Ansia per due italiani scomparsi in Libia, e in Israele è scontro sui maltrattamenti alla Flotilla

La rete internazionale degli attivisti della Flotilla affronta una grave emergenza in Libia e in Israele. In Libia, si sono perse le tracce di un gruppo di volontari, tra cui due italiani, un pugliese e una piemontese. La portavoce della Flotilla, Maria Elena Delia, ha comunicato all’ANSA che il gruppo, composto da una decina di attivisti, era entrato a Sirte per negoziare la ripartenza del Land Convoy. Si teme che possano essere stati arrestati. L’Unità di crisi della Farnesina è già attiva per verificare la situazione dei due connazionali.
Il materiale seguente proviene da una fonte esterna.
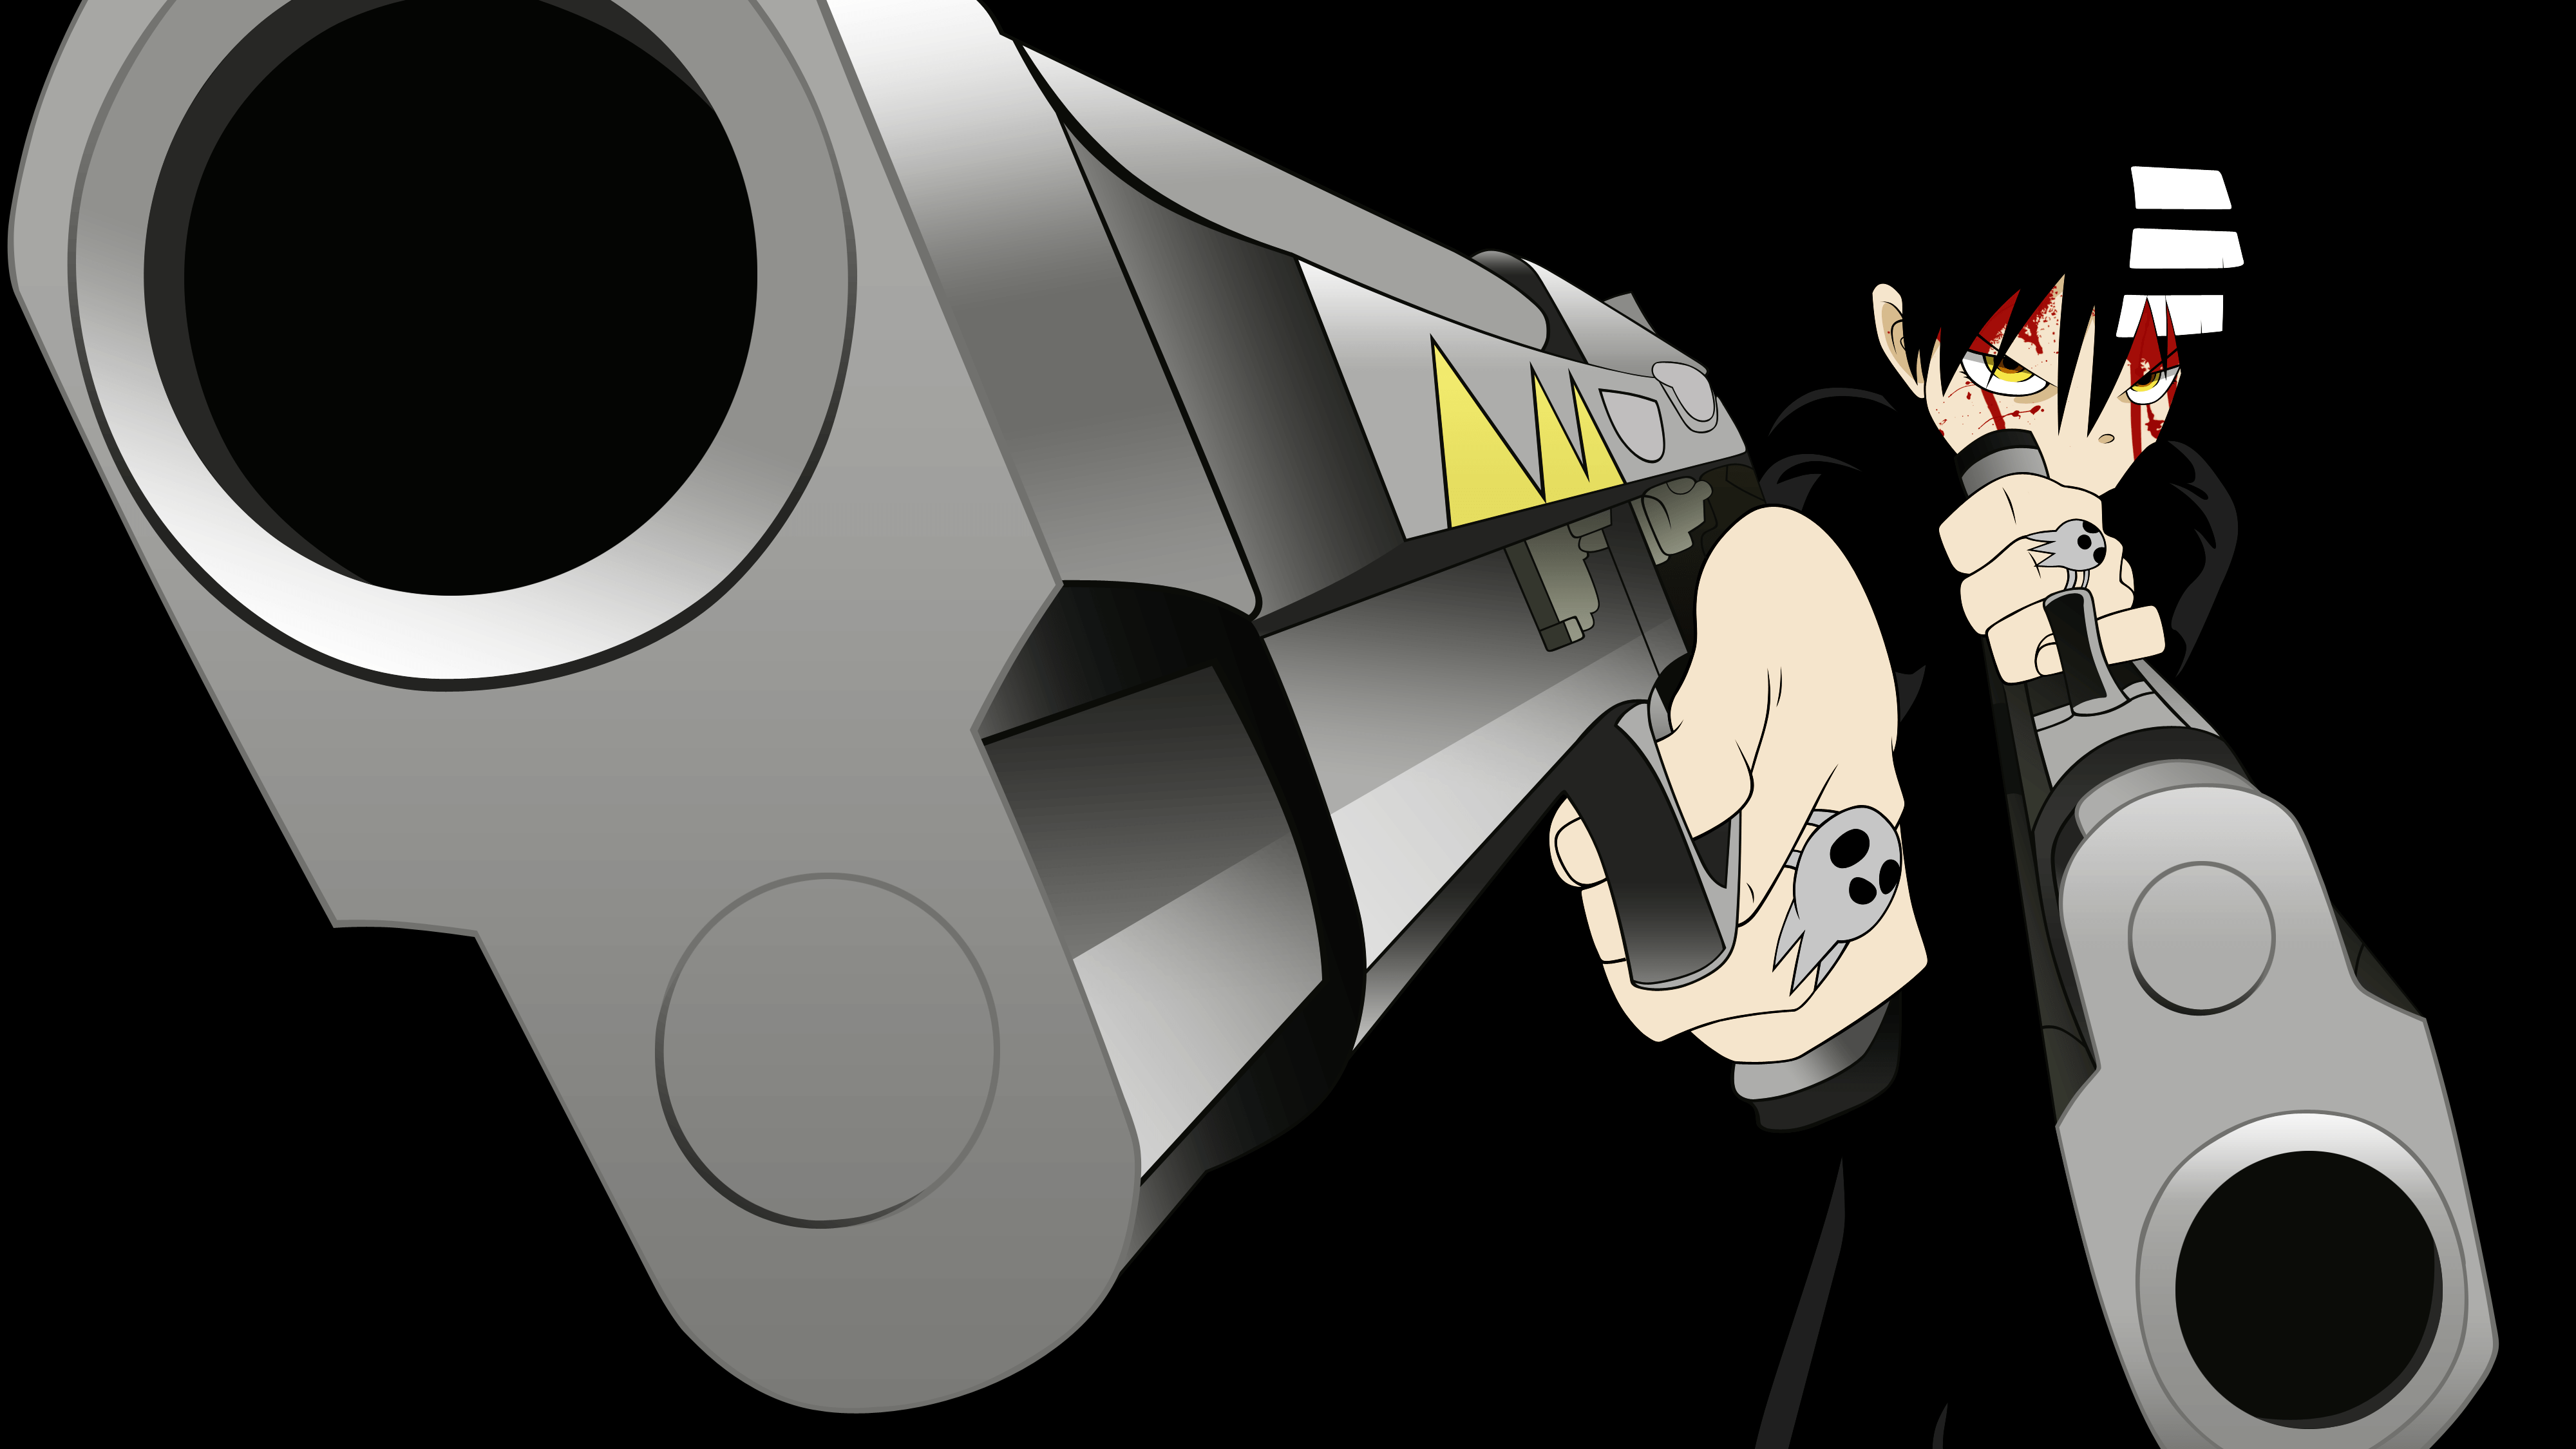 Soul Eater 4k Ultra HD Wallpapers and Backgrounds Image

In Israele, la Flotilla è al centro di una polemica istituzionale dopo la diffusione di video che mostrano maltrattamenti ai danni degli attivisti della Global Sumud Flotilla. Le immagini, condivise dal ministro della Sicurezza Nazionale Itamar Ben-Gvir, hanno suscitato la condanna del presidente Isaac Herzog, che ha definito gli atti brutali e ha criticato i coloni violenti in Cisgiordania. Ben-Gvir ha risposto su X, affermando che Herzog non è degno di essere presidente.

Le Forze di Difesa Israeliane (IDF) hanno respinto le accuse di violenza, sottolineando che i loro ordini prevedono un trattamento rispettoso per gli attivisti. Hanno chiarito che, una volta sbarcati ad Ashdod, la responsabilità della sorveglianza degli attivisti è passata al personale del servizio penitenziario e della polizia, sotto il ministero di Ben-Gvir.